If 20g of water at 60 degree centigrade is mixed with 60g of water at 20 degree centigrade the resultant temperature is
the sum of heats gained is zero.
20*c*(Tf-60)+60c(Tf-20)=0
solve for Tf
30℃
To find the resultant temperature when two substances at different temperatures are mixed, we can use the principle of energy conservation. The total heat lost by one substance equals the total heat gained by the other substance.
In this case, we have two substances: water at 60°C and water at 20°C.
First, let's calculate the heat lost or gained by each substance.
The heat lost by the water at 60°C can be calculated using the formula:
Q = m * c * ΔT
Where:
Q is the heat lost (or gained),
m is the mass of the substance,
c is the specific heat capacity of the substance,
ΔT is the change in temperature.
The specific heat capacity of water is approximately 4.18 J/g°C.
For the water at 60°C:
Q1 = 20g * 4.18 J/g°C * (60°C - T)
Q1 = 83.6 J/g°C * (60°C - T)
The heat gained by the water at 20°C can be calculated using the same formula:
Q2 = 60g * 4.18 J/g°C * (T - 20°C)
Q2 = 250.8 J/g°C * (T - 20°C)
Since energy is conserved, the heat lost by one substance should be equal to the heat gained by the other substance:
Q1 = Q2
83.6 J/g°C * (60°C - T) = 250.8 J/g°C * (T - 20°C)
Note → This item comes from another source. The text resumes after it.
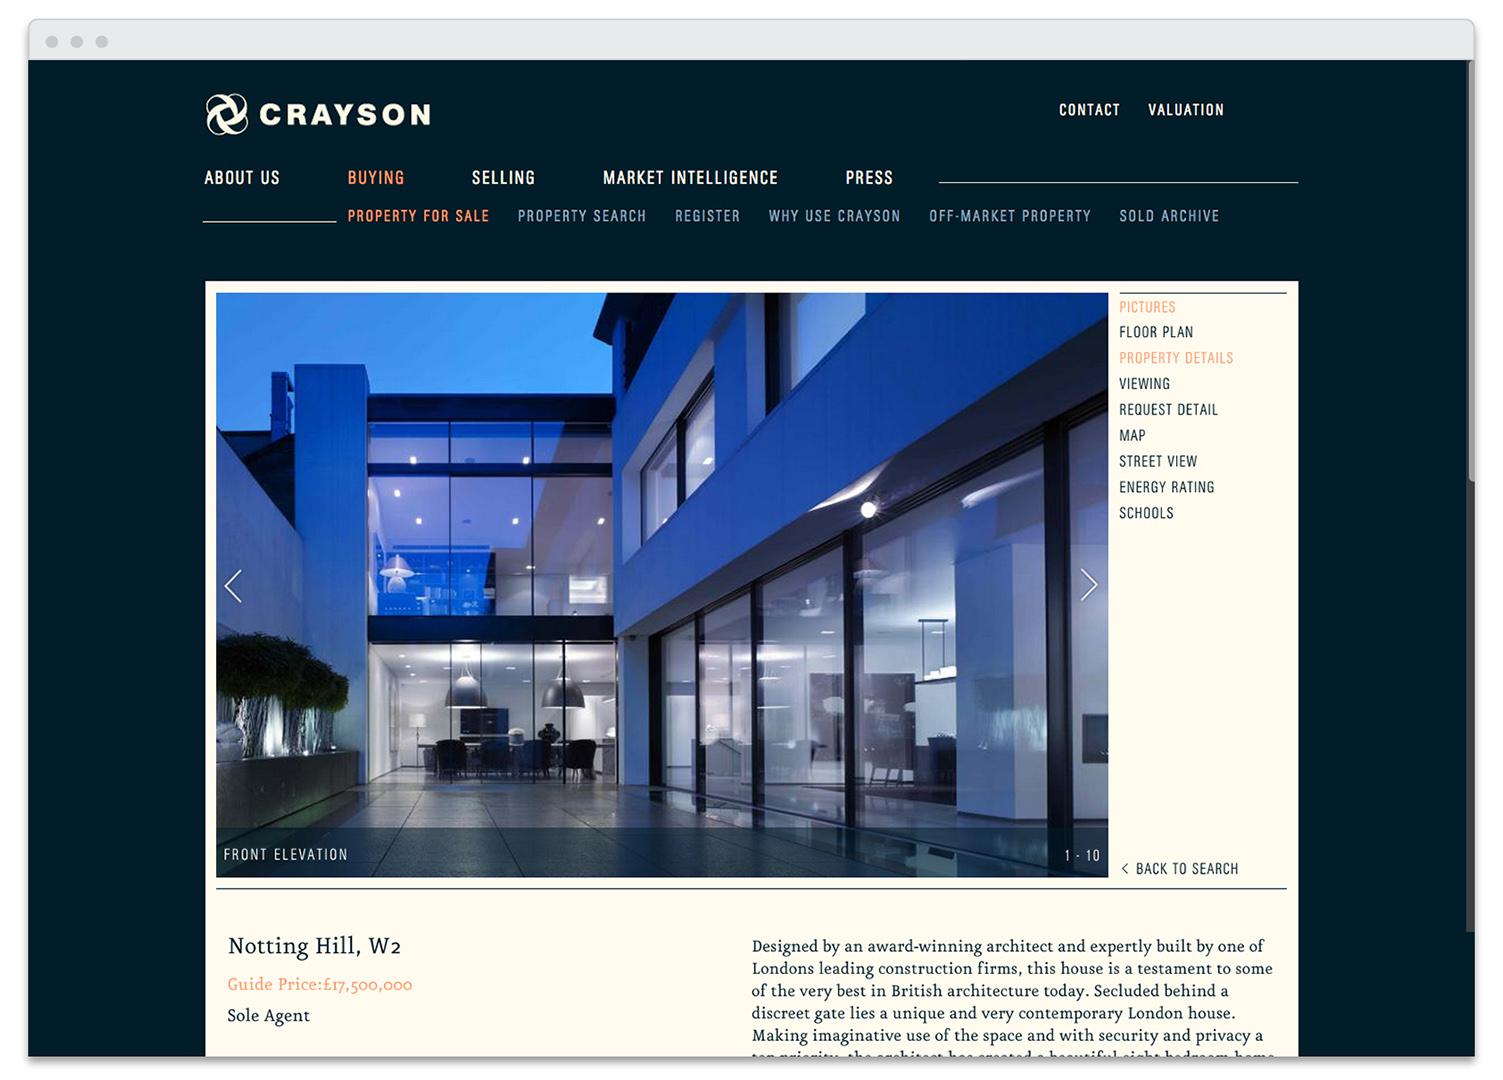 Crayson-Browser-view_propertysingle

Next, we can solve this equation to find the value of T, which is the resultant temperature.
83.6 J/g°C * 60°C - 83.6 J/g°C * T = 250.8 J/g°C * T - 250.8 J/g°C * 20°C
5001.6 J - 83.6 J/g°C * T = 250.8 J/g°C * T - 5016 J
83.6 J/g°C * T + 250.8 J/g°C * T = 5016 J - 5001.6 J
334.4 J/g°C * T = 14.4 J
T = 14.4 J / 334.4 J/g°C
T ≈ 0.043 °C
Therefore, the resultant temperature when 20g of water at 60°C is mixed with 60g of water at 20°C is approximately 0.043°C.